Capability Index Replaces Static MCP Tool Registration
ADR-042 — Capability Index Replaces Static MCP Tool Registration
- Status: Accepted
- Date: 2026-05-07
- Decider: Mishaal Murawala (engineering sequencing delegated to Claude Code per ADR-040)
- Supersedes: Invariant #7 in
.claude/rules/v5-invariants.md(“34 tools registered, ceiling 35”) - Related: ADR-040 Track B, ADR-041,
ASCEND_OPERATOR_OS_VISION.md§3.2 (Capability Index), §9 (tool ceiling retirement) - Invariant changed: #7
- Pre-condition for invariant update: Track B completion (weeks 1–8 per ADR-040)
Context
Invariant #7 set a hard ceiling of 35 registered MCP tools. The ceiling existed for two reasons:
Reason 1: LLM context window cost. server.registerTool fanout sends every registered tool’s JSON schema to the LLM in every request. At 35 tools with typical input schemas (~300 tokens each), that is ~10,500 tokens of tool schema per request. At Anthropic Claude 3.5 Sonnet pricing (2026-Q1), this adds ~$0.003 per request in input tokens — $300/month at 100K requests/month before accounting for output. Worse, it degrades reasoning quality because the LLM must attend to irrelevant tool schemas on every turn.
Reason 2: Registration complexity. Adding a tool to src/handlers/mcp.ts requires modifying a file that is in the gateway hot path, risks merge conflicts, and requires a manual code review gate.

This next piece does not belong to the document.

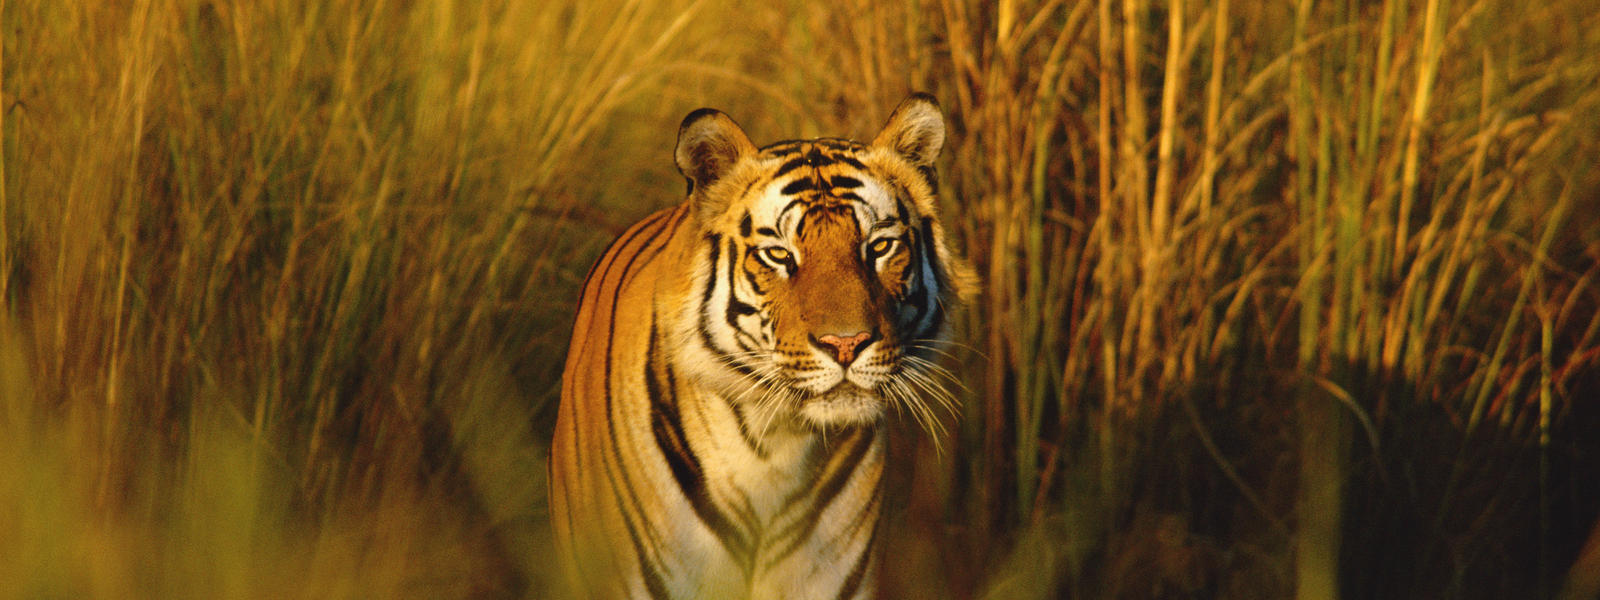 Sakkarbag Zoo gets pair of Tigers in exchange of Lions

At 35+ tools, this becomes a coordination bottleneck.
The vision doc (§9, adopted 2026-05-07) explicitly retires the 35-tool ceiling:
“Static registration is a liability. The ceiling is not a feature — it is a proxy for the cost of the context window. Once we index capabilities in Vectorize and retrieve only what’s relevant, the ceiling has no engineering basis.”
The Capability Index (Track B, ADR-040) solves both problems:
- Context cost: retrieve ≤20 semantically relevant tools per LLM context instead of all 35. Most tasks need 3–5 tools. At ≤20 retrieved, the schema overhead is ≤6,000 tokens.
- Coordination cost: adding a tool is a Vectorize embed operation, not a code change to the gateway hot path.
Decision
Retire static server.registerTool fanout and the 35-tool hard ceiling. Replace with the Capability Index: a Vectorize namespace (capability_index) that embeds every tool’s description, schema summary, scopes, and priors (cost, latency, success rate). The gateway surfaces ≤20 tools per LLM context via semantic retrieval. Total catalog is unbounded.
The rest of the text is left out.